The update became intermittent, but at that time, it was enough to be responsible for yourself. After returning from work, I didn’t have the intention to write novels and just go to bed after playing games.

The money for work is enough for your own expenses, so novels have become a hobby.

Write when you are free, and play games when you are unhappy.

Mixed and mixed, year by year, looking for a girlfriend, getting married, and having children.

More than ten years have passed in the blink of an eye during this process, and then the heavy pressure of life follows.

All living expenses are easy to talk about for the time being, I can deal with.

What really makes me feel extremely stressed is the education problem of the two children.

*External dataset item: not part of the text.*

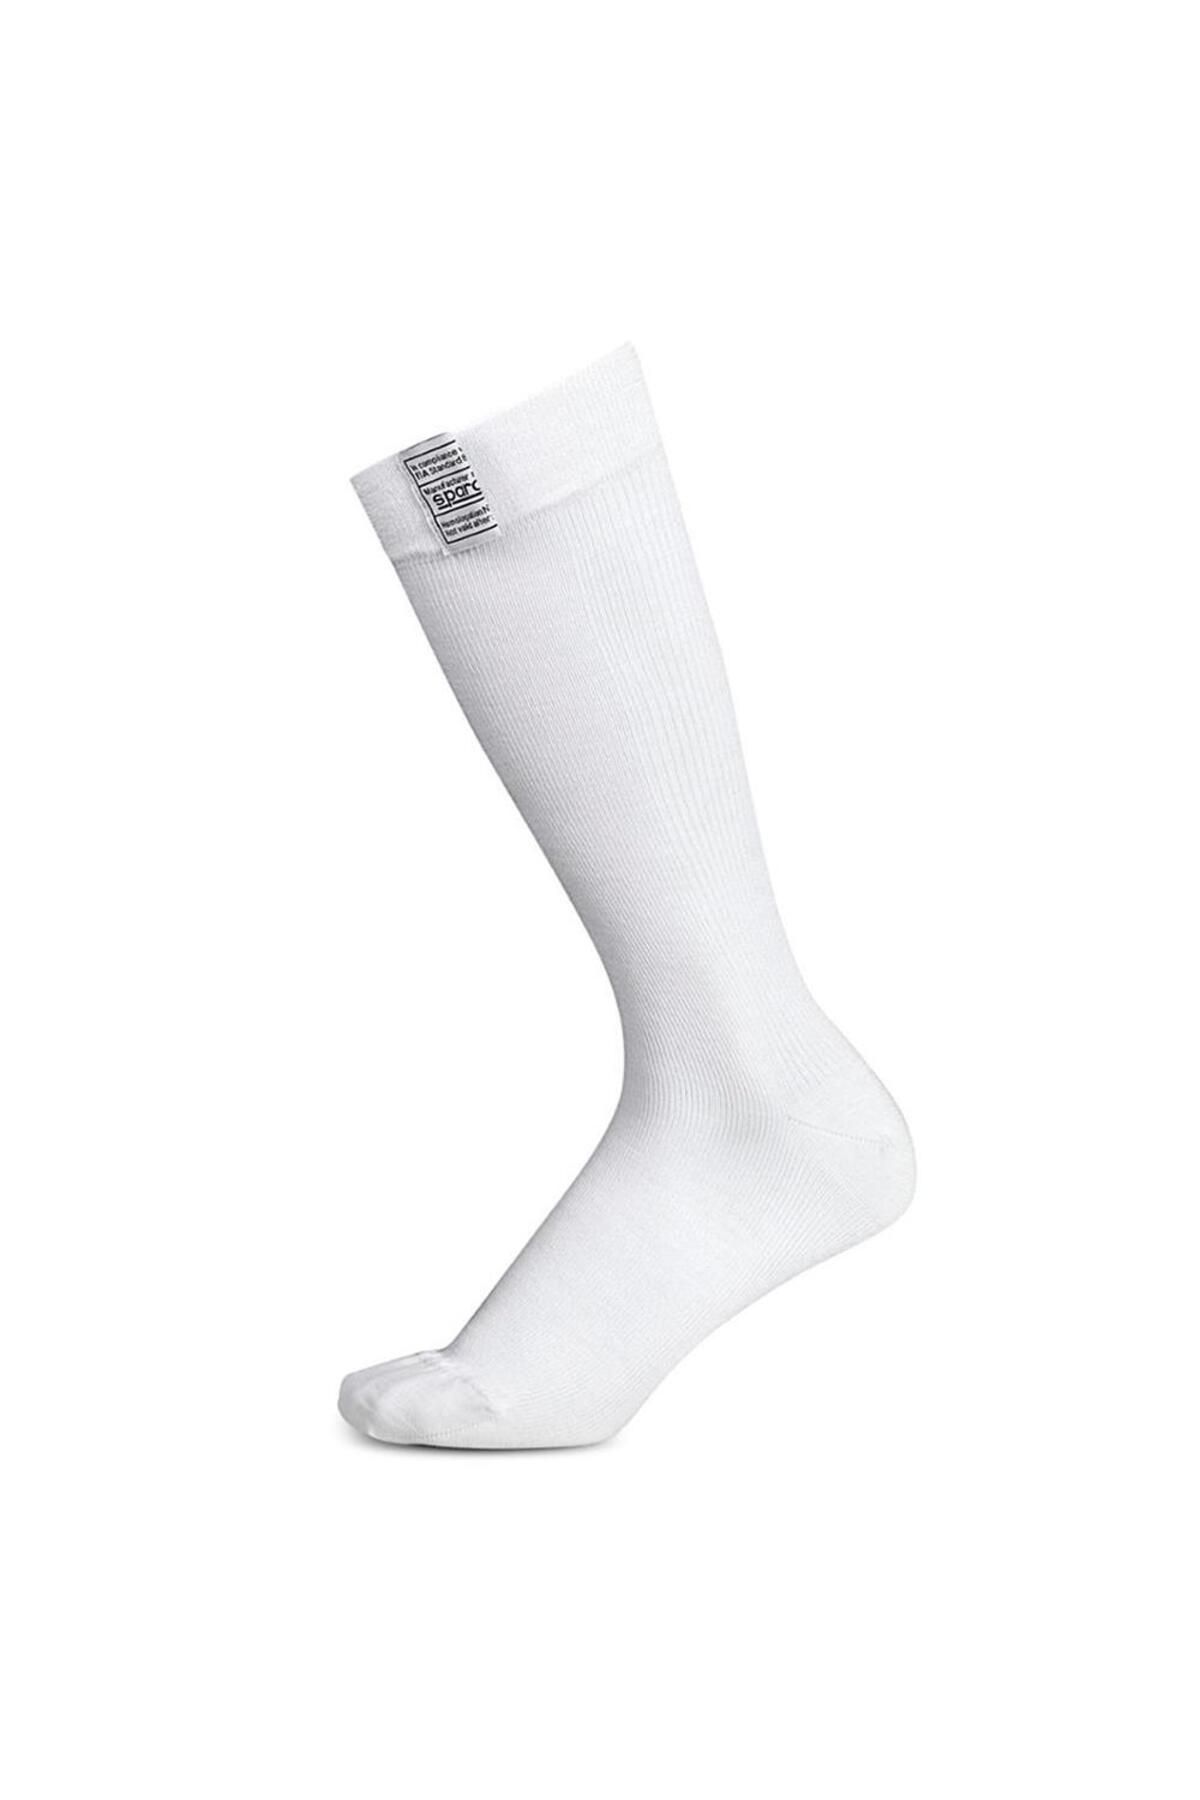 Sparco Çorap Beyaz RW7 R560 SZ 40/41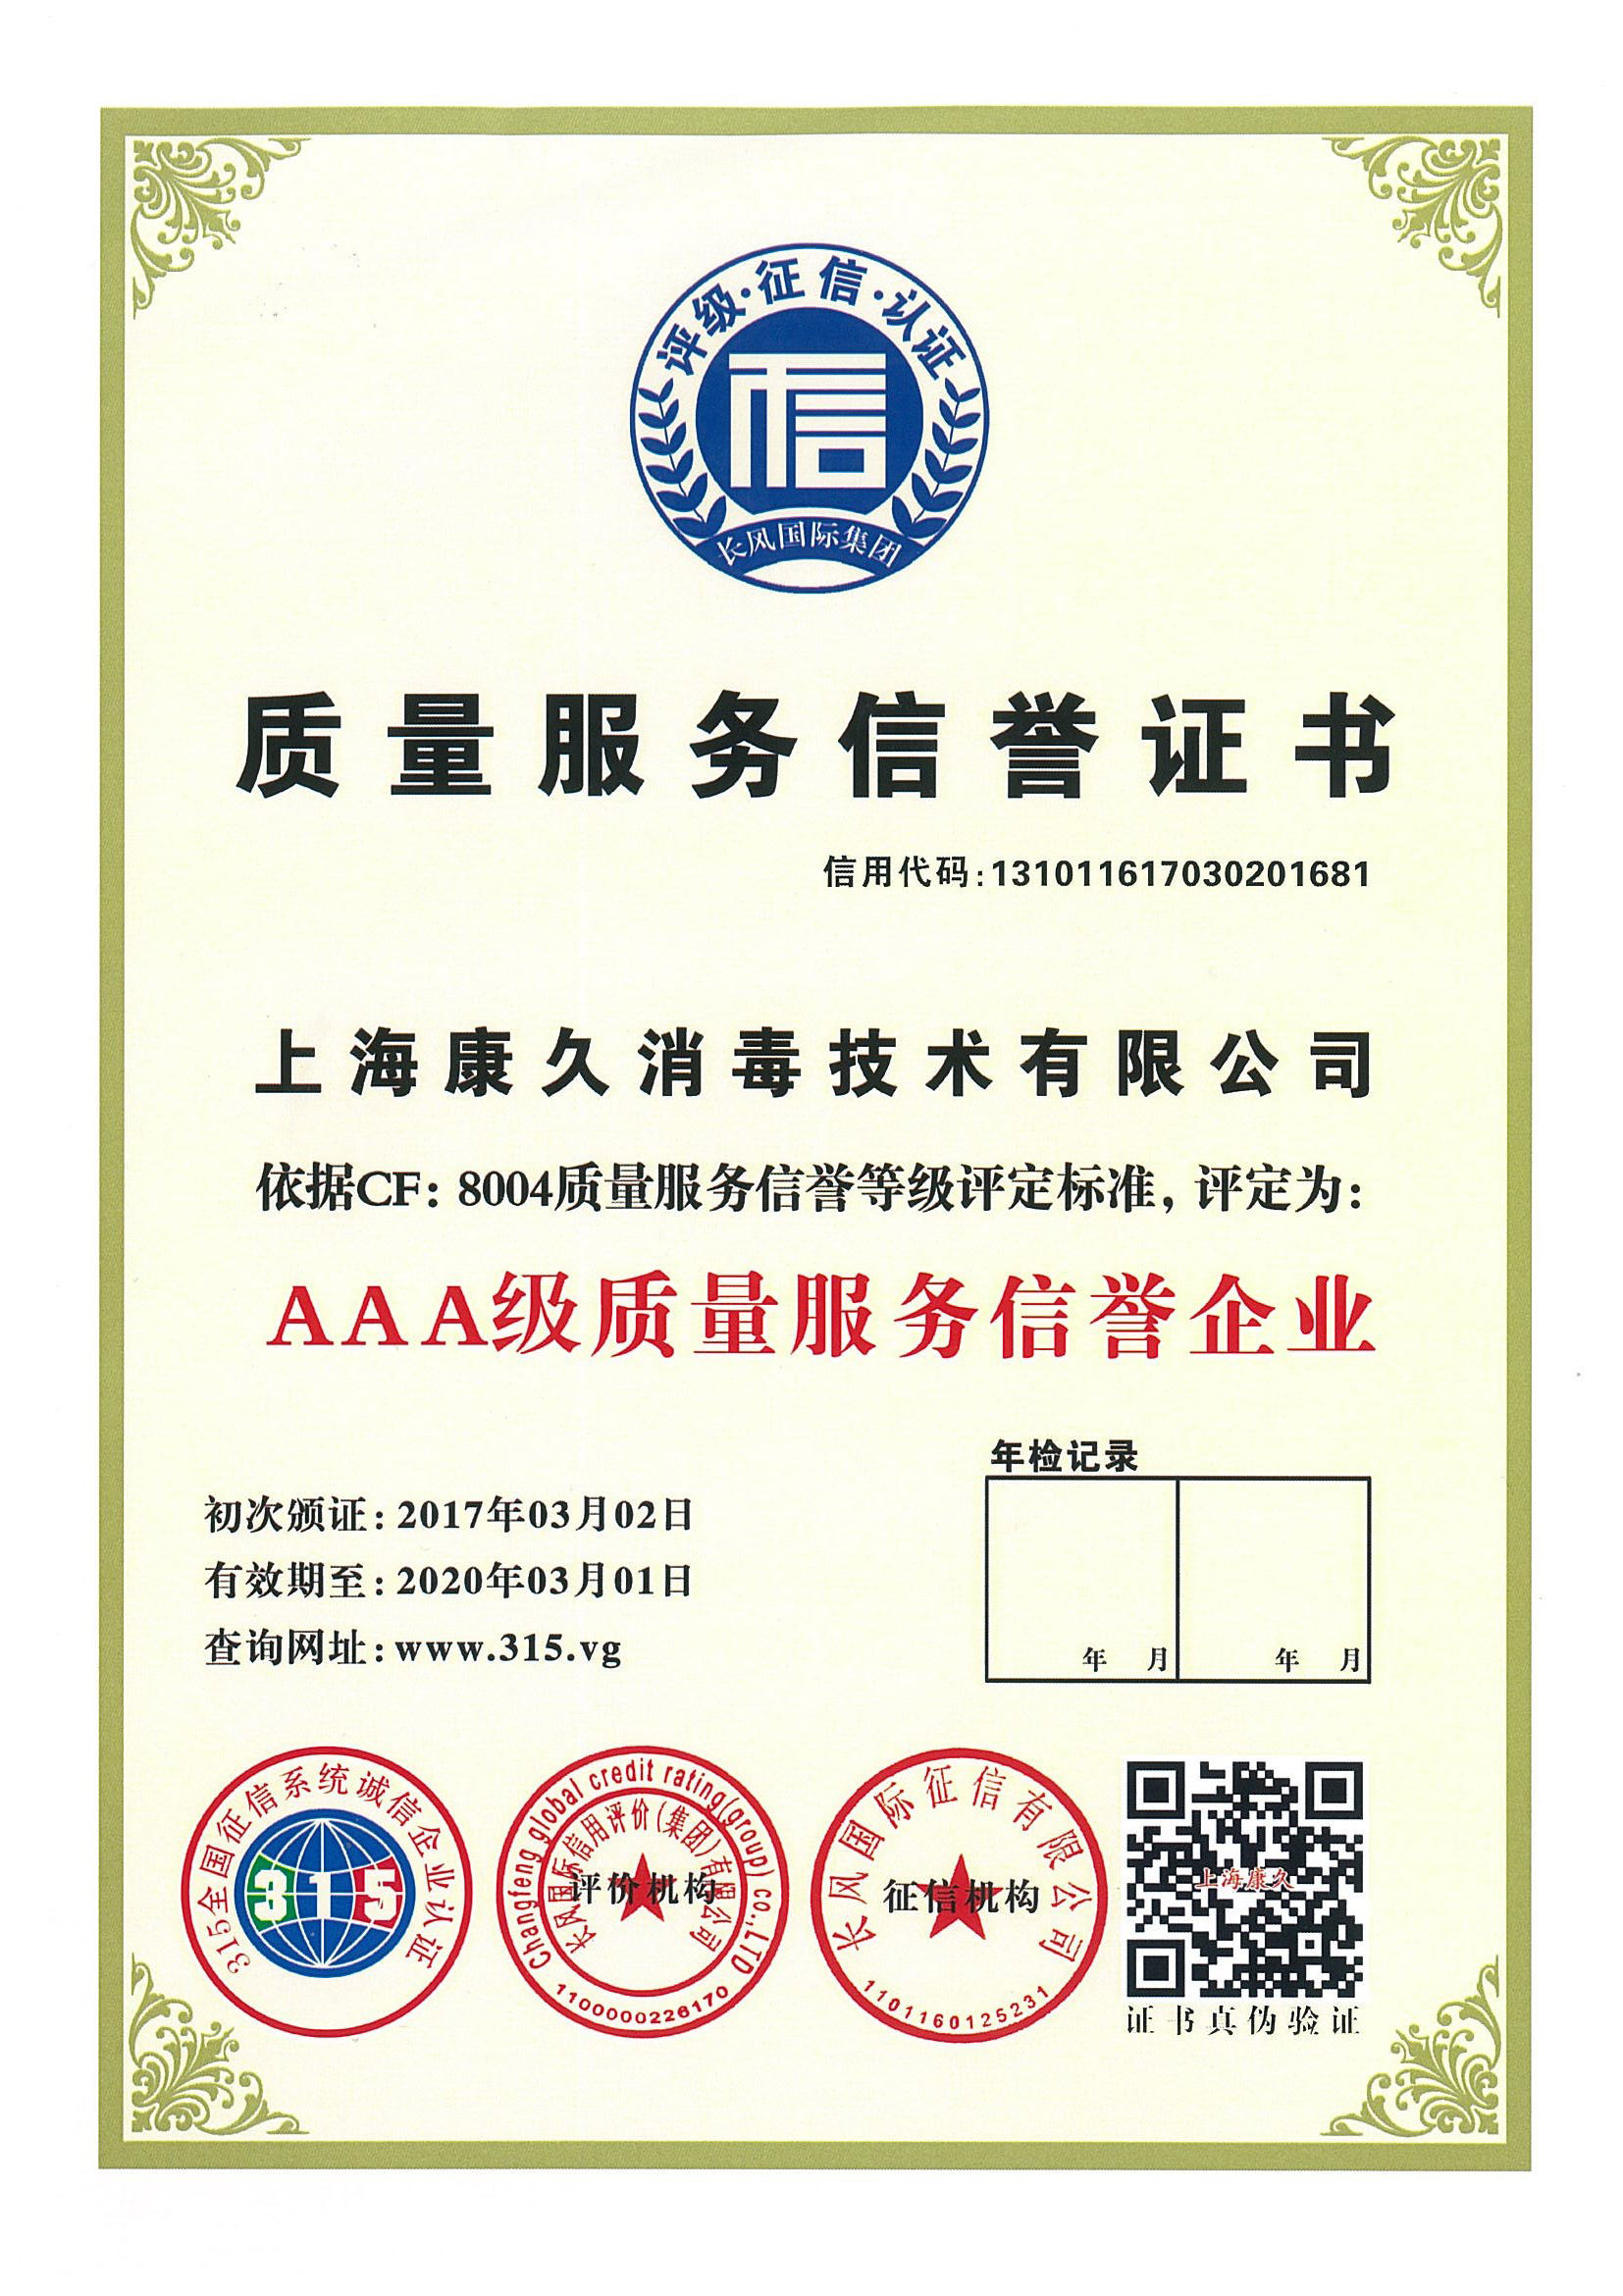 “红桥质量服务信誉证书

I won’t say much about how much money a child’s educational investment costs, as parents know it. My wife and I have no way to provide a high-quality educational environment for our two children. After all, this is a small city in the 18th tier, and the salary is generally not high.

The only hope is my extra income and writing novels.

Originally, the book "Aristocratic Emblem" would almost give me the confidence to be full-time.

Although the writing was a bit broken in the later period, the new subscriptions have been rising slowly and steadily. I guess it will take a few more months to write them according to the outline and finish them. This will make a small profit.

But the river crab beast is here.

I directly expose my hope. I was so angry that I felt so bad at the time that I was so angry that I had a dark face for several days.

If I hadn't had such a big reaction before, I might even want to laugh.

But now, the family is home, and the wind and clouds are really not as clear as ever.

But it doesn't matter...I can write another one.

The new book is indeed better at the beginning than "The Noble", although it is still not very ideal.

But I think this is an update problem.

As long as I update, readers will subscribe more.

My ideal is: to be able to write a book full-time after three months of normal and stable updates.

I will work hard for this goal, and I hope that readers and friends can support me as soon as possible.